Big players still unwilling to accept new technologies

Keshia Faculin30 Oct 2017

Construction site with crane and building in city

Despite their desire to make a change in the construction industry, mid-sized contractors face various obstacles in adopting new technologies, reported Channel News Asia.

This comes as some of the big players still prefer traditional construction methods over new building technologies, said Kang Choon Boon, managing director at B19 Technologies – one of the first firms in Singapore to use Mass-Engineered Timber (MET), a kind of building material where solid wooden pieces are cut and made in factories, to be assembled on-site.

The timber product was used to build The Wave, a new sports hall at Nanyang Technological University.

Kang believes that while the use of MET would raise construction cost by 20 percent, the cost would drop once more companies embrace the material since there would be economies of scale. Other benefits include shorter construction time, manpower savings and a much greener product.

B19, however, used the method to a handful of projects only.

“We depend very much on the developer and the client on what their requirements are,” said Kang.

Agreeing, Peh Ke-Pin, director at mid-sized company PQ Builder, said: “We are not the decision maker…It’s a top-down approach.”

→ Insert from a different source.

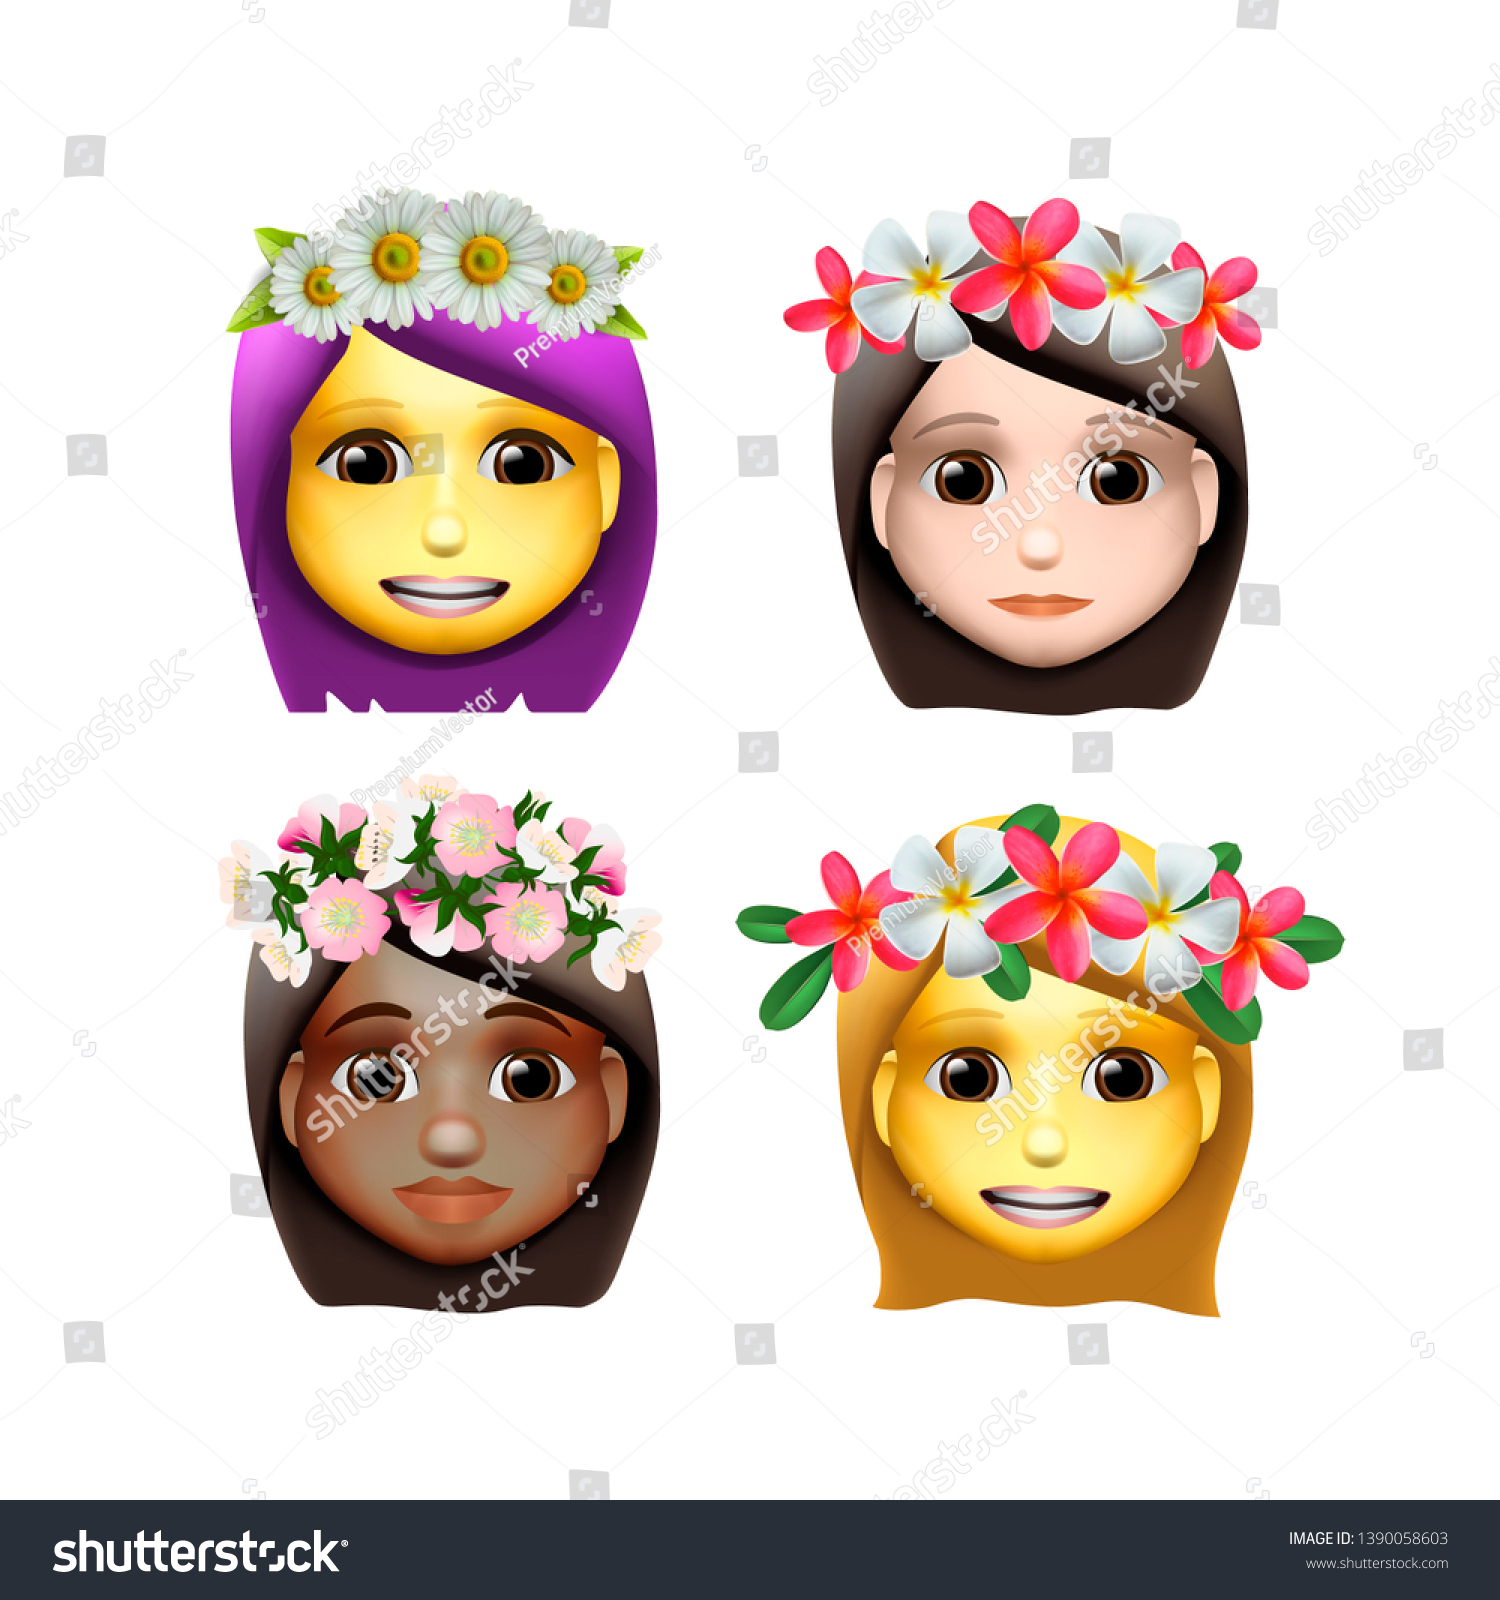 Smiley Face Emoji Characters Girls Avatars Stock Vector Royalty Free Shutterstock

Peh noted that while their company had spent nearly $1.5 million on research and construction technology and availed of government grants to fund their purchases, they remain limited by their size.

Maintaining the equipment has also proved to be an issue for firms such as his, given that they are often tight on cash.

“Some projects may use (a particular) equipment, but after the project’s (done), the equipment may not be applicable to other projects,” explained Peh. “It needs someplace to sit, so the storage cost will also be (an) issue.”

In responding to the needs of small and mid-sized companies, the Building and Construction Authority (BCA) has revealed plans to explore a model where companies could lease their mid-range equipment.


This article was edited by Keshia Faculin.